Wood spent the next decades designing new buildings, terraces and architectural set-pieces for the city of Bath. It appears that he did not share his father's interest in druidism and freemasonry, but his designs show certain inspirations and themes which reflect 18th century fashions and philosophies.

During the 1770s a new more severe neo-classical style was becoming fashionable. Wood pioneered this new style in buildings such as the Hot Bath (built using the Doric order), the Royal Crescent and the Bath Assembly Rooms. These buildings contrasted with the more decorated and embellished style preferred by his father. Whilst John Wood the Elder's Circus includes superimposed orders and a detailed frieze, the Royal Crescent—designed by his son—has a single order and plain decoration throughout.

The site Wood chose for the Royal Crescent also shows that he was interested in creating a proto-romantic dialogue between his buildings and the surrounding countryside. Previous buildings and set-pieces in Bath were all intensely urban and inward looking whereas the Royal Crescent was fully open and looked out on to open fields. This is not always apparent today, but when it was built in 1775 the crescent was situated right on the edge of the city with no nearby buildings to block residents' views of the countryside. The Royal Crescent is among the greatest examples of Georgian architecture to be found in the United Kingdom and is a Grade I listed building.

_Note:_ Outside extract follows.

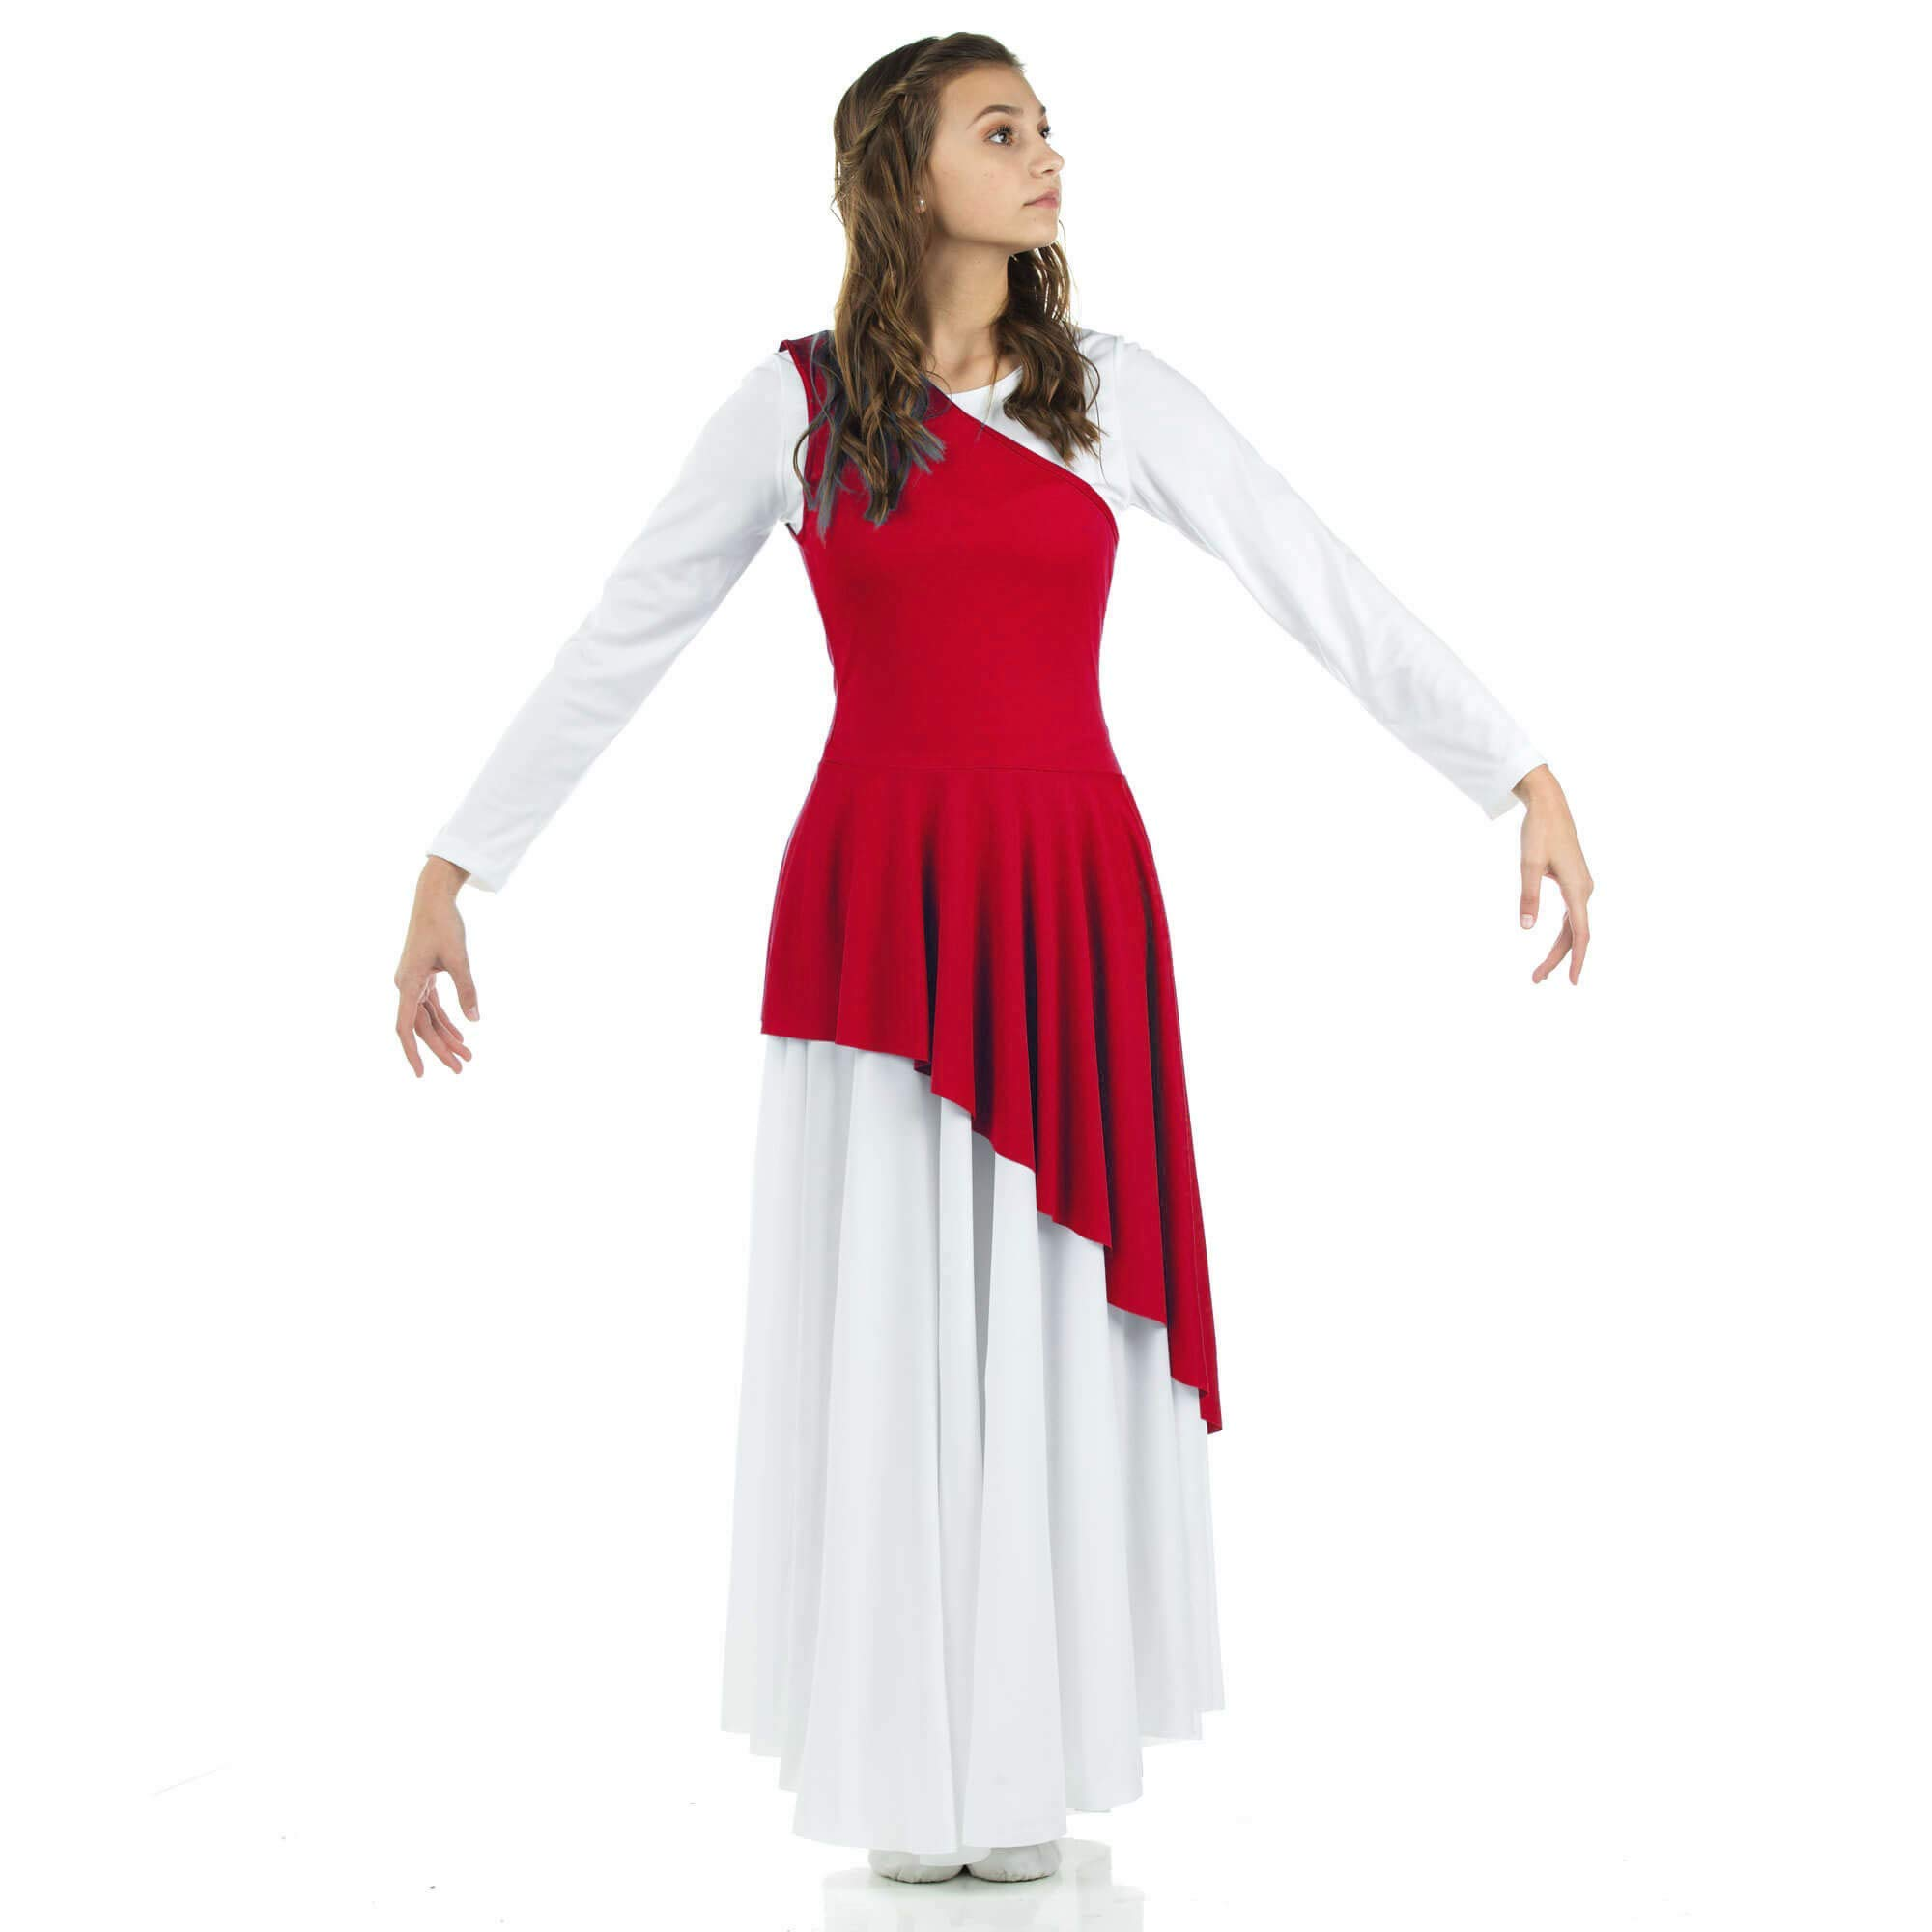 Danzcue Girl's Asymmetrical Praise Dance Tunic (Scarlet, S-M-Child) by Danzcue

Outside Bath, his most notable works include Buckland House in Buckland, Oxfordshire, and the General Infirmary in Salisbury. Knill's Monument in St Ives, Cornwall, constructed in 1782 for John Knill, was designed by Wood. In 1781, Wood published A Series of Plans for Cottages or Habitations of the Labourer, the earliest British pattern book for labourers' cottages.

== Reputation and assessment ==
John Wood the Younger is a key figure, not only in the history of Bath, but also in the history of British 18th-century architecture. When John Wood the Elder died, Queen Square and the Circus were isolated showpieces in Bath. His son connected these buildings and went on to create and inspire a new city quarter filled with elegant Palladian and neo-classical structures. Wood's clean, neo-classical style inspired other Georgian and Regency era architects in Bath such as John Pinch the elder, John Pinch the younger and Thomas Baldwin. The Royal Crescent is his greatest achievement and was one of the first designs of its type. It was imitated in Bath and also in later English towns such as Buxton, Brighton, Bristol and London.